Do I matter? Most days, I would say no, I don't believe so. I won't go so far as to say that  one matters (I don't have the right to dismiss anyone else's existence, only my own). I feel like I'm insignificant, not a key player in anything, by any stretch. This isn't self-pity or self-loathing (although I do have both, in spades), but rather simply a weary world-view that I cannot seem to shake.

But, like many of the things I do, I shall try to "suit up and show up and act as if." Or fake it 'til I make it. Or something. Which is why I shall try to document my quiet little life, to show that I matter, if only to myself.
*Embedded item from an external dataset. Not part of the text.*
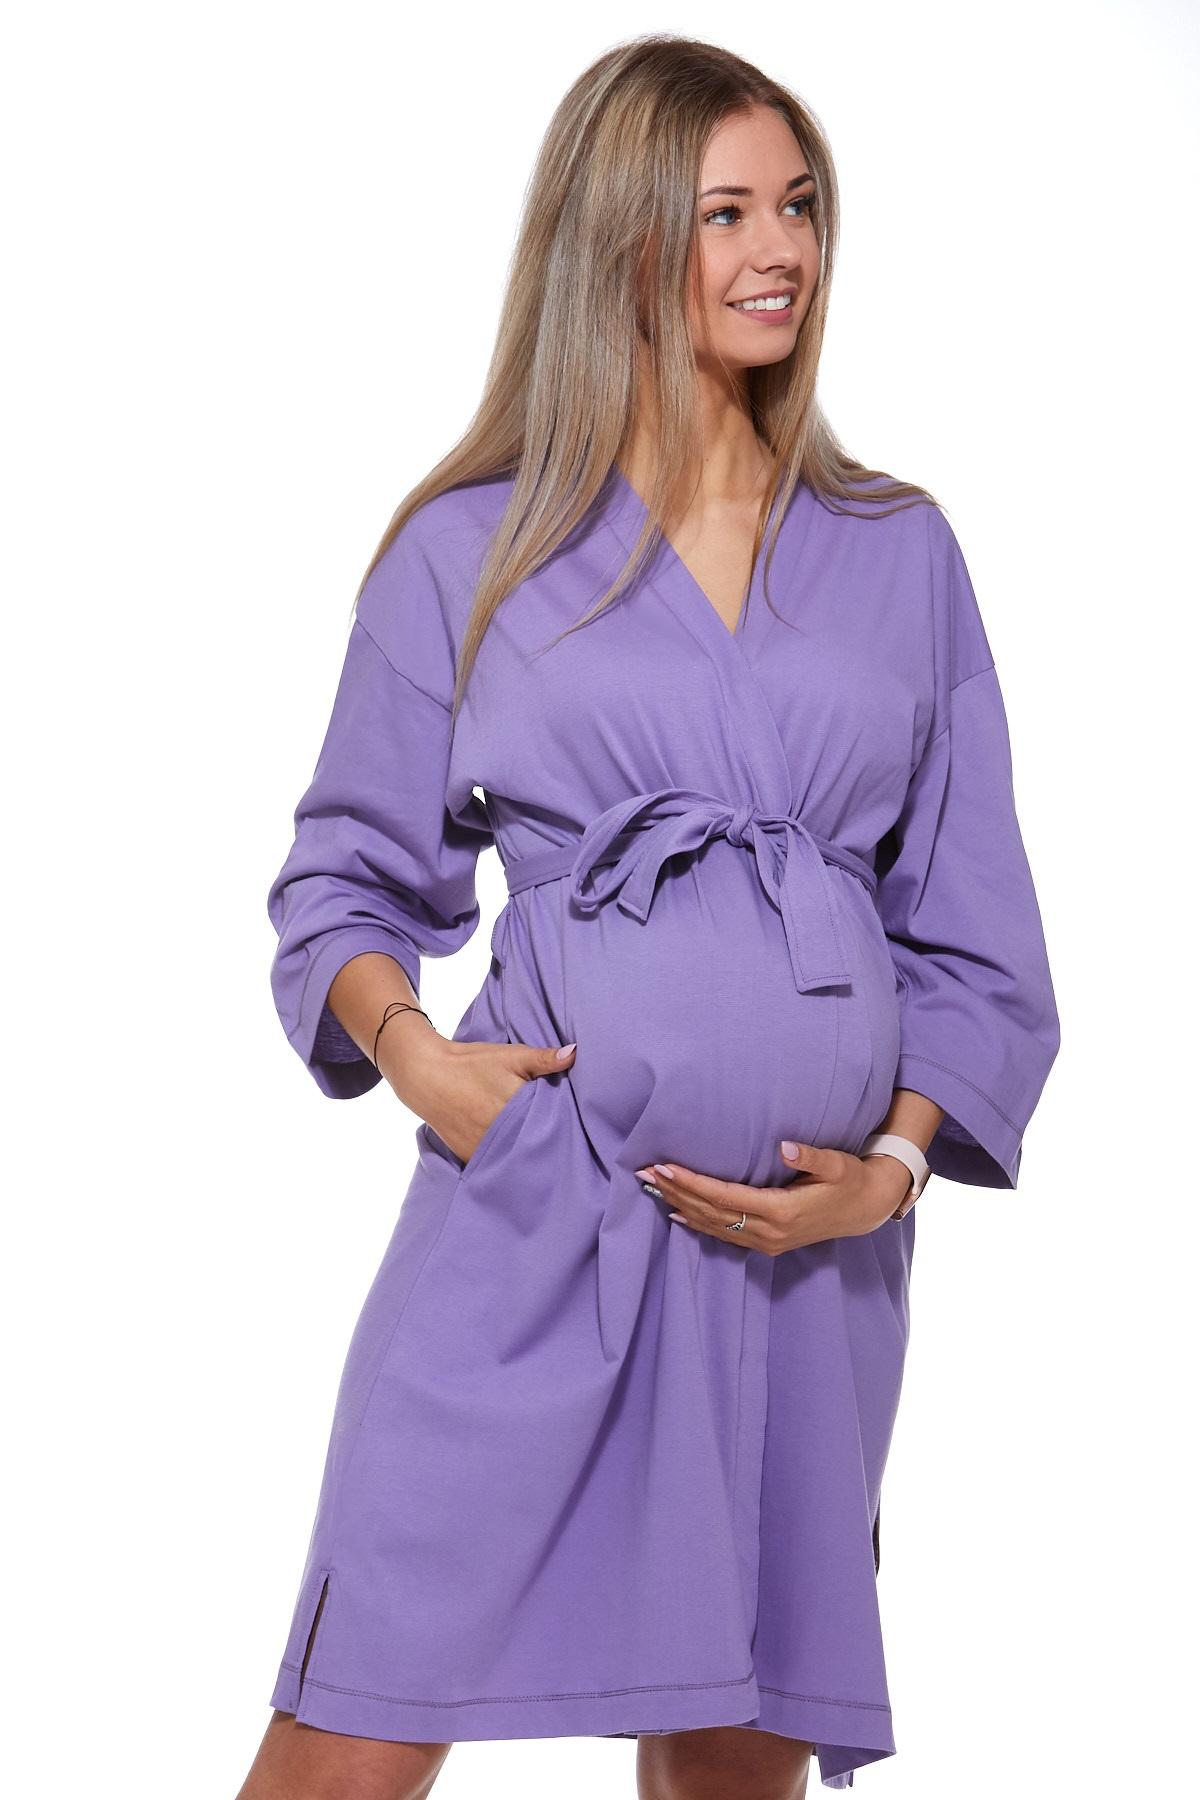 Župan těhotenský exkluziv 1E8260

So, it's 11:30 at night, and I am perched on the loveseat in the sitting room, listening to "The Last Unicorn" by America, and my cat Austen is sitting right behind me, purring in my ear. I'm trying not to think of all the blogs I've started and abandoned over the years. I've paused in reading my 12th book of the month, This Book is Overdue. I'm thinking that I've had a very productive day--I went to the eye doctor and the therapist and I dropped off a library book and picked up prescriptions and did laundry and napped and watched Supernatural and I tried, though failed, to donate blood (and I have to start taking iron again), and I read and worked on my jigsaw puzzle. And now I am sitting here writing this and thinking, what's the point? Who will read it? And then thinking, The point is that it doesn't matter if no one reads it. What matters is that YOU are WRITING it, and may one day read it. That's enough, right there. This is your life, right now. This is you, trying to matter to YOURSELF.

Friday, October 18, 2013

Overheard on the Reference Desk, Entry 2

The patron: "I need to renew my teaching credentials from the State of ___ . But I don't know how to use a computer. At all. I'm very different, I'm a psychic, and I don't use computers. Is there anyone I can pay to do this work for me? I'm a very special person, a victim of incest, and so I've never used a computer."

The librarian (not me): "...............???"

Right then was one of those times when I swear to god someone hires people to come in and try to punk us.

Thursday, October 17, 2013

Nights like these...

On nights when the praise of my patrons and bosses and colleagues seems faint;
on nights when my husband is remote and preoccupied
on nights when I wonder, yet again, how I ended up here,
on nights when it feels like I have never been further away from my kin,
on nights when I come close to learning just what regret tastes like...

My little cat Austen, my gentle-souled cat in a furry tuxedo, he perches up by my pillow or couch cushion, near to my head, and he purrs loudly, and he invites me to wearily lean my head in and remind myself that perhaps, after all, I have made a difference. That my presence, my sacrifices, my mistakes have benefitted someone, even if it's just a single domestic short-haired cat.

It's a strange sort of comfort, but on nights like these, I will take what I can get.